AWS Messaging Services

Published 2024-09-26

The crux of technology is that it's always changing. Hopefully for the better, but it leads to having many options to solve any given problem. You then have to sit down and evaluate your choices, using whatever rubric you prefer, even if you've done the same evaluation in the past because things have now changed.

This extends to AWS services. They are building blocks and you get to be the lucky one to decide which ones to use, even though some of those blocks look very similar. There is documentation on how to use them, there are whitepapers on the suggested way to use them, and there is no shortage of articles and posts on the internet of different ways to use them.

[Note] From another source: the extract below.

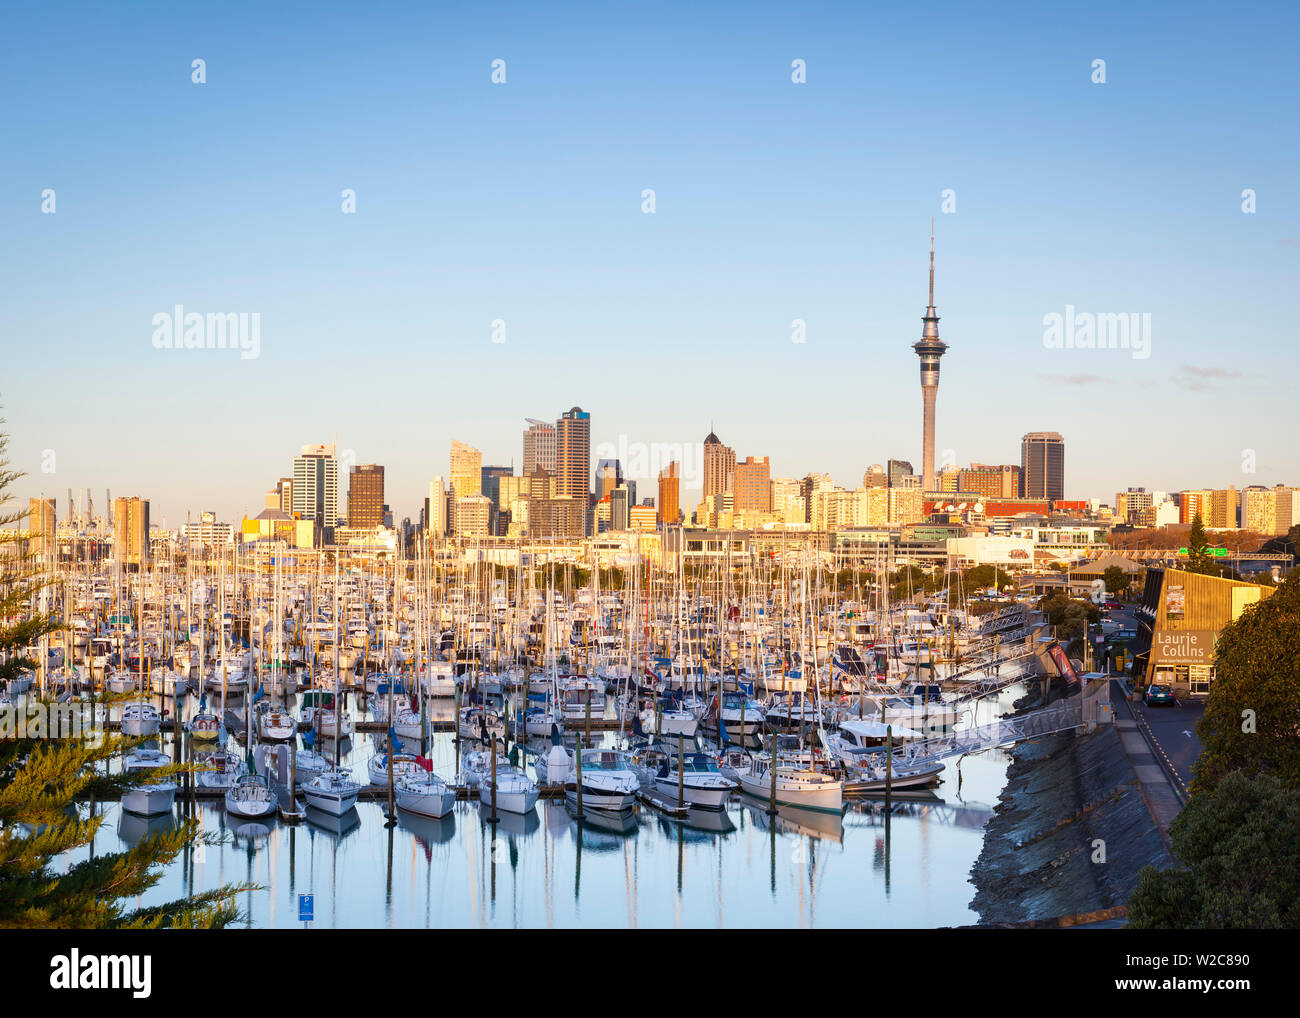 Westhaven Marina & skyline della città illuminata al tramonto, dal porto di Waitemata di Auckland, Isola del nord, Nuova Zelanda, Australasia Foto Stock

I try to avoid saying that there are articles out there on the wrong way to use them. That claim is hard to back up because the needs of every system are different. There are definitely more accepted ways of using these services. If you're building a web application chances are it's going to have some sort of persistent data store suitable for OLTP workloads, probably some flavor of RDS, but there are plenty of other options that could work equally as well. You could use S3 and SQLite if you were so inclined. Store the file on S3 and download it on every request to query it. In the case of modifications, store the resulting file back on S3.

Now, that's starting to become dangerously close to being flat out wrong, but it could theoretically work.^[1]What's wrong with incurring network traffic for the size of your entire database for every request? The point is, for any given system you could build it 10 different ways, and as the ones designing and building that system we are responsible for finding the best way given the circumstances.

A set of services that this often comes up with, and I've been asked more than a handful of times about, are the messaging services in AWS. The most common of which that come up in conversation are Simple Notification Service (SNS), Simple Queue Service (SQS), and EventBridge. Lets talk about when you should use each one.

The Playing Field

Lets start with some definitions:

SNS - A pub/sub service centered around the idea of a topic. You publish to a topic and 1 or more subscribers receive messages from the topic. SNS divides subscribers into two categories: 1. Application-to-application (A2A) which are other AWS services or applications that can receive notification via HTTP and 2. Application-to-person (A2P) which includes text messaging, push notifications, and email. By default topics are not ordered, but you can configure them to be FIFO.
SQS - A queueing service where you define one or more durable queues that you can push messages to and poll messages from. While some AWS services provide automatic configuration of some of the plumbing to receive messages from a queue, consumers use the API to poll for any available messages in the queue. A queue may have many consumers, but only one consumer will process a given message. Similar to SNS, queues by default do not provide guaranteed order^[2]I've always loved that a service named after a FIFO data structure is not FIFO by default., but you can configure them to be FIFO.
EventBridge - A service that encompasses a few different concepts around event driven architectures, including Event Buses, Pipes, Schemas, and a Scheduler. Primarily suited for A2A type of work, its first iteration was originally CloudWatch Events and came out many years after SNS. In terms of order, Event Buses themselves do not guarantee any order, however pipes will guarantee order if the source does.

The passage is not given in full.